- Genre: Thriller
- Written by: Stewart Lindh Solomon Weingarten John Carlen
- Directed by: Geoff Murphy
- Starring: Rebecca De Mornay Rutger Hauer Ron Silver
- Music by: Brian May
- Country of origin: United States
- Original language: English

Production
- Executive producers: Jeffrey Lurie John Bard Manulis John Marsh
- Producer: Jay Roewe
- Production locations: Los Angeles Puerto Vallarta, Jalisco, Mexico
- Cinematography: Paul Elliott
- Editor: Rick Shaine
- Running time: 98 minutes
- Production companies: Chestnut Hill Productions HBO Pictures

Original release
- Network: HBO
- Release: January 30, 1993

= Blind Side (1993 film) =

Blind Side is an HBO made for television movie starring Rutger Hauer, Rebecca De Mornay, and Ron Silver, directed by New Zealander Geoff Murphy. Written by Stewart Lindh, Solomon Weingarten, and John Carlen. Story by Stewart Lindh and Solomon Weingarten. Filmed in 1992, the thriller debuted on HBO in January 1993, then it aired later on NBC in April 1993. It was released theatrically in a number of European countries, including France, Italy and Sweden.

==Plot==
Married couple Lynn and Doug Kaines (De Mornay and Silver), owners of an exotic furniture design company, visit Mexico, while Lynn is in the first term of her pregnancy. On their nighttime return trip, with her at the wheel, they accidentally run into and kill a Mexican police officer in the middle of the road. They make no report of the accident, wary of the perils of a Mexican jail, but slide the dead cop to the side of the road and return to the United States. They have the front end damage to their car repaired clandestinely and appear to have gotten away with the killing.

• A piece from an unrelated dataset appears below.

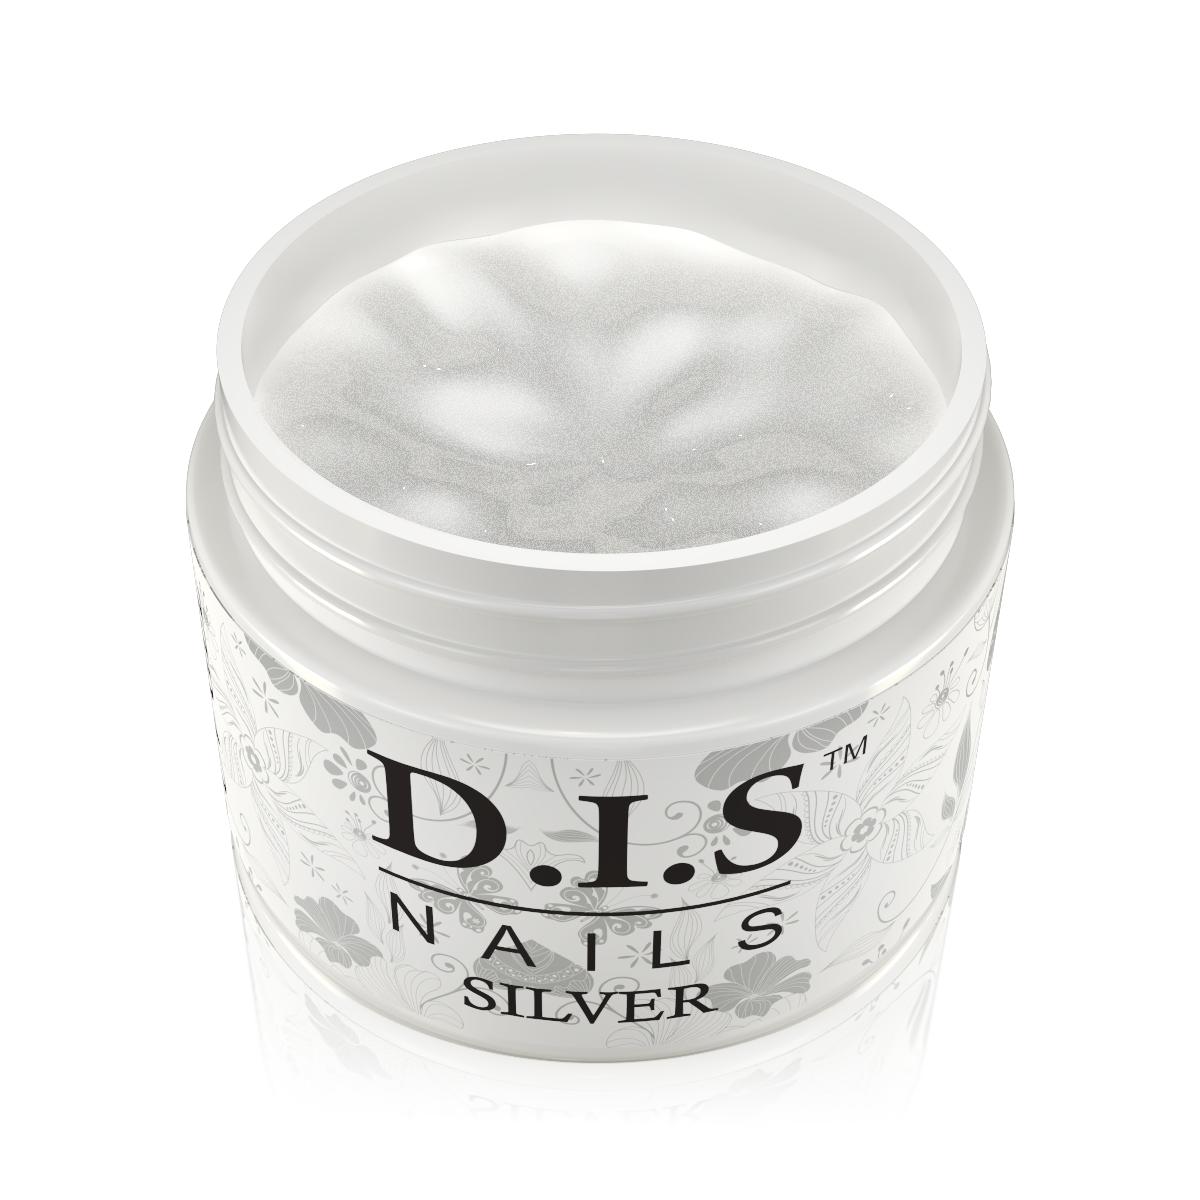 Однофазный гель D.I.S Nails Silver (серебро)  30 гр.

Quite unexpectedly a vagabond named Jake Shell (Hauer), driving a dumpy old camper truck, shows up at their door hinting that he witnessed the entire incident. Shell blackmails the Kaines, who attempt to appease him. There is a physical confrontation with Shell and the Kaineses, along with perverse sexual innuendo, and an attempt by the Kaines to rid themselves of their nemesis without revealing their scary secret.

==Cast==
- Rutger Hauer as Jake Shell
- Rebecca De Mornay as Lynn Kaines
- Ron Silver as Doug Kaines
- Jonathan Banks as Aaron
- Mariska Hargitay as Melanie
- Tamara Clatterbuck as Barbara Hall

==Production==
The movie was shot in three major locations. The main story of the movie was shot over a three-week period in Altadena, California. The furniture factory showroom used the historic power substation of the Pacific Electric Railway's Mount Lowe line. The building was unoccupied and served well for the set. The residential shoot was done at an old mansion at the corner of New York Drive and Mar Vista Street. The house was up for sale and had been vacant for fourteen months.

The opening scene in Mexico was shot last in Cabo San Lucas after the American location shoots. The accident scene was shot over a two-week period in Agua Dulce, California, mostly with the use of the municipal airport.